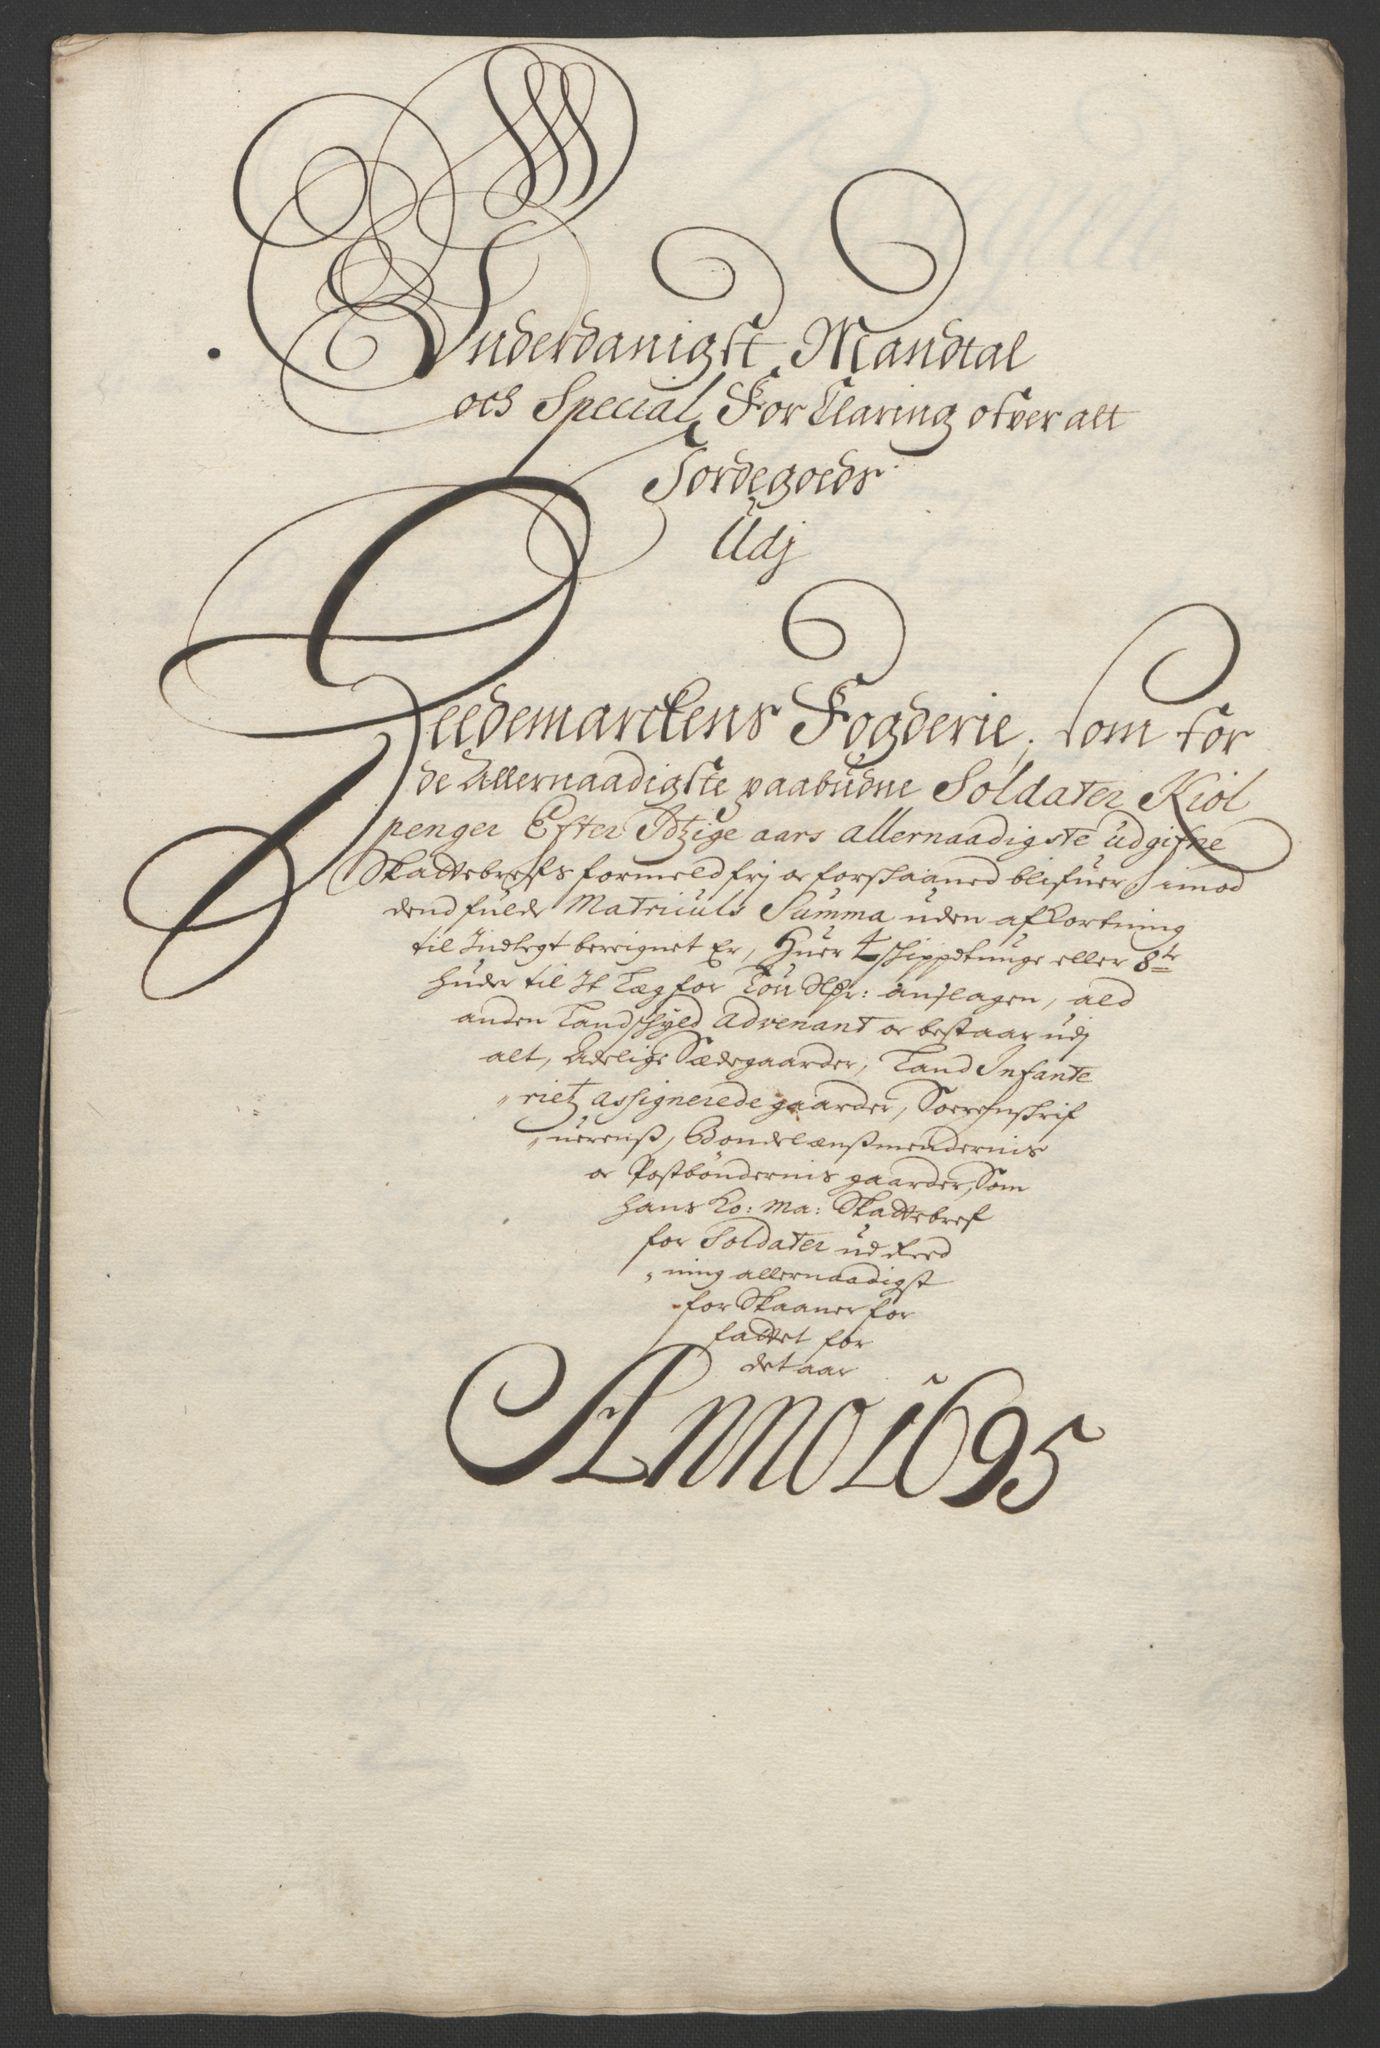 RA, Rentekammeret inntil 1814, Reviderte regnskaper, Fogderegnskap, R16/L1036: Fogderegnskap Hedmark, 1695-1696, s. 217
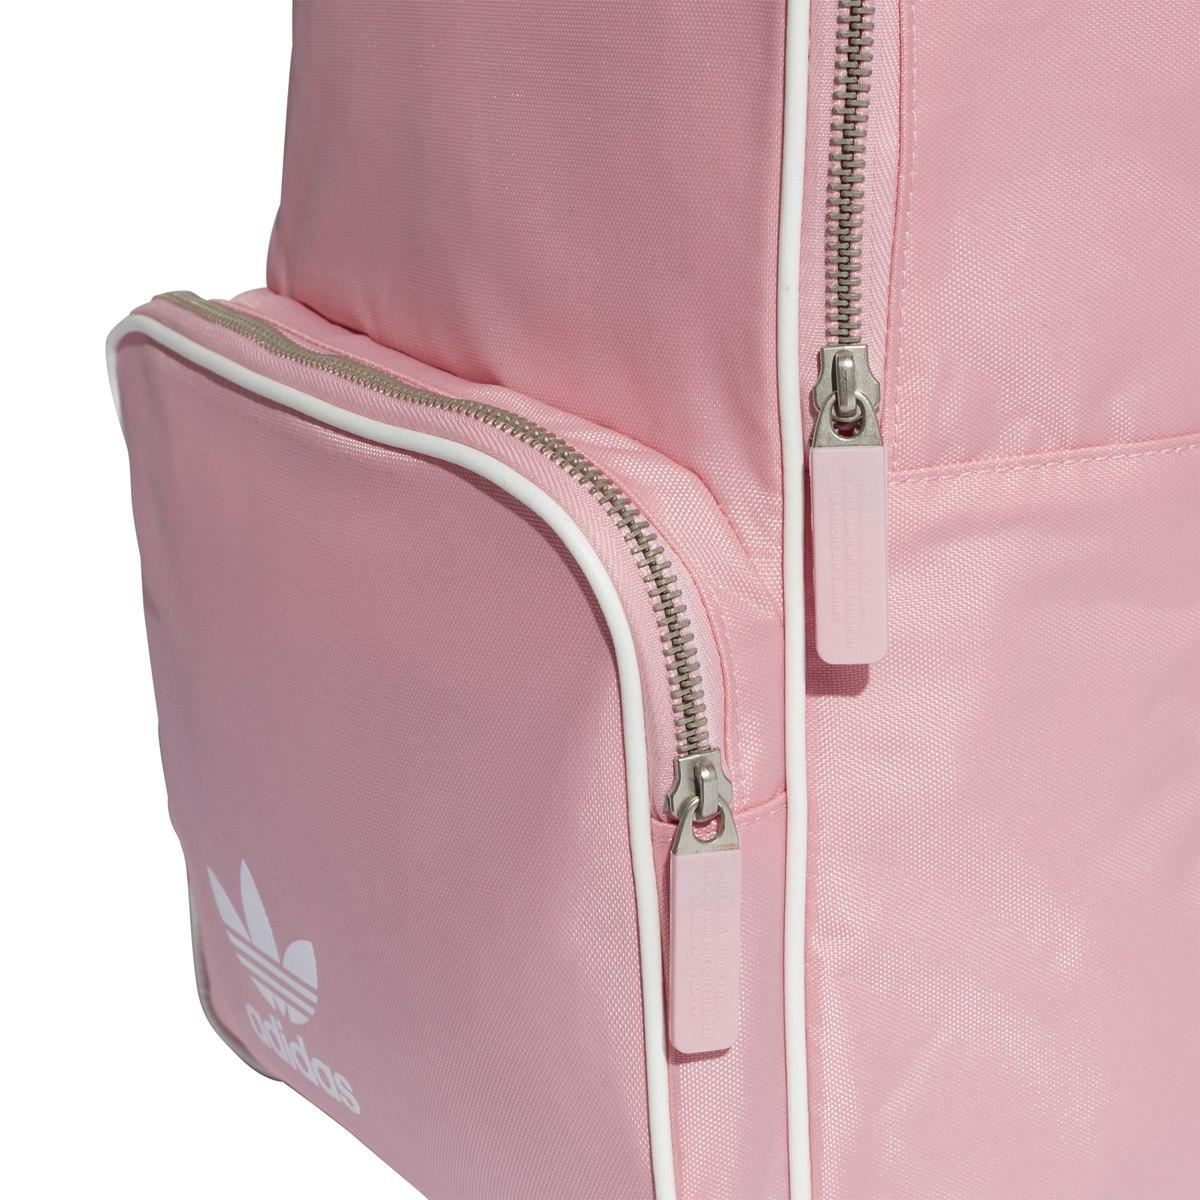 26c657e529 Cargando zoom... mochila adidas originals moda classic adicolor mujer rs bl
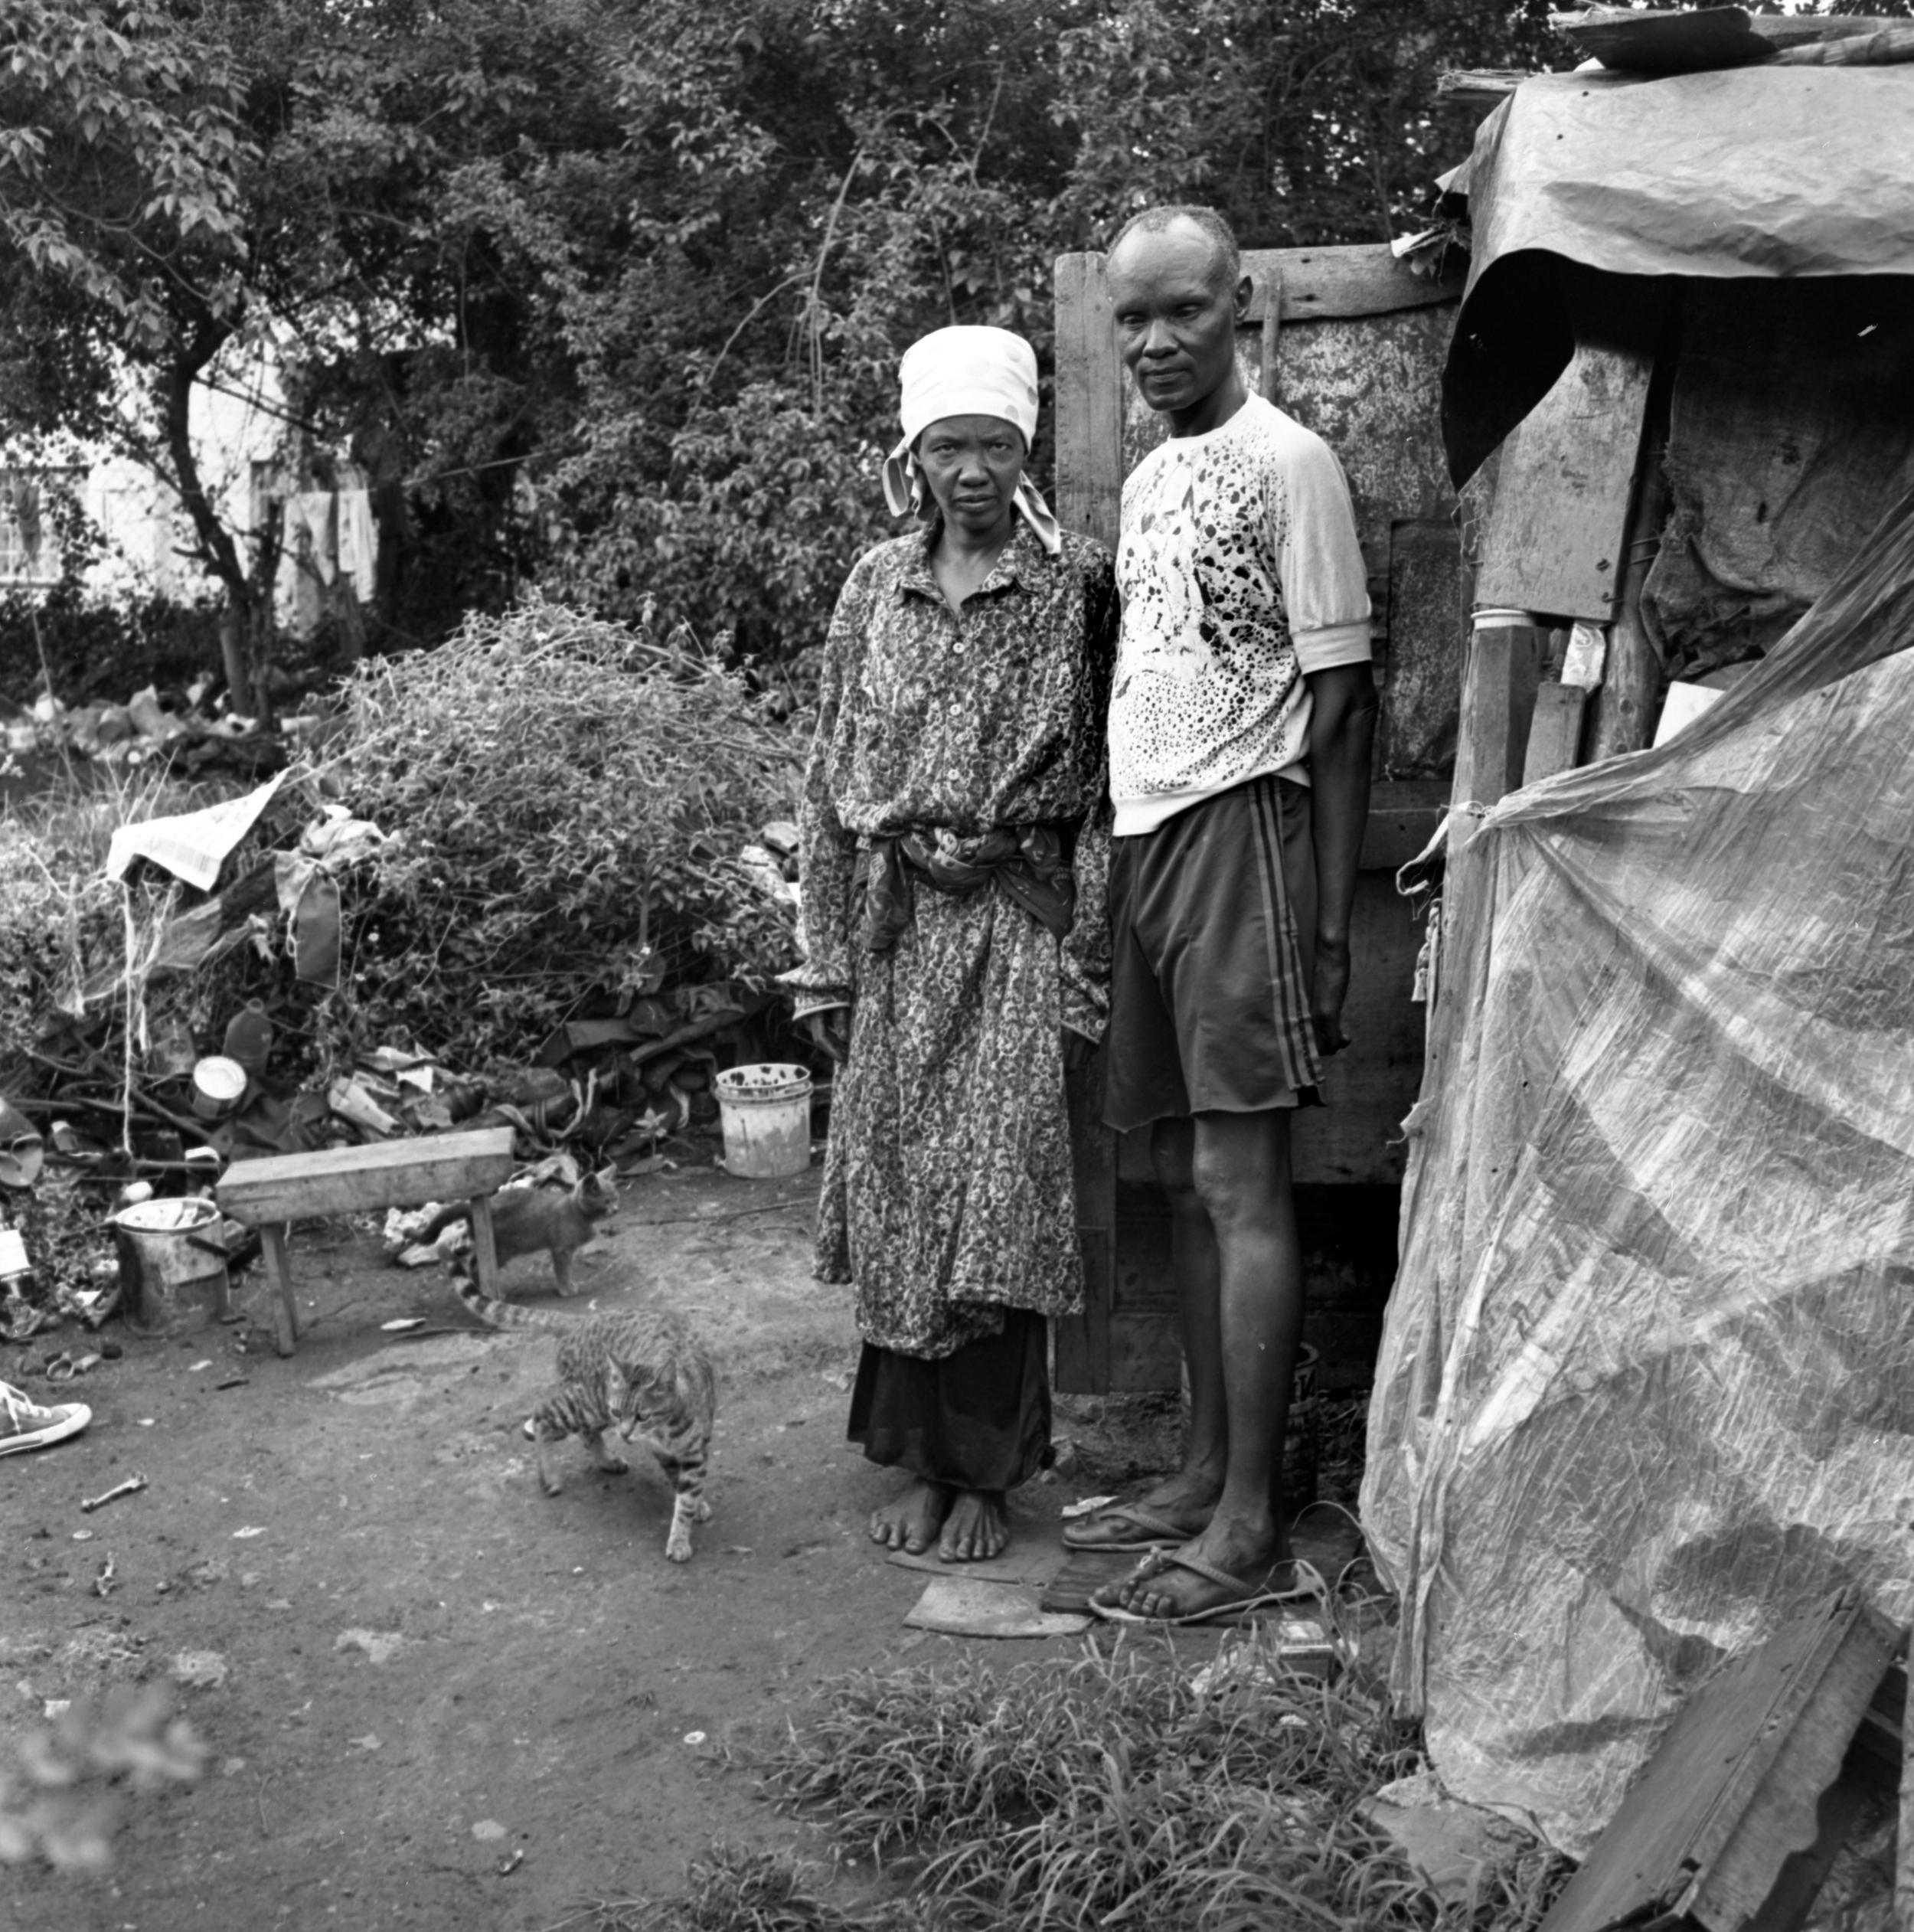 Chege and Nyambura

■ Assignment:
Copy out all the data exactly. The images should not appear in the copy.

■ Reply to the exercise:
 RA, Rentekammeret inntil 1814, Reviderte regnskaper, Fogderegnskap, R16/L1036: Fogderegnskap Hedmark, 1695-1696, s. 217
 26c657e529 Cargando zoom... mochila adidas originals moda classic adicolor mujer rs bl
 Chege and Nyambura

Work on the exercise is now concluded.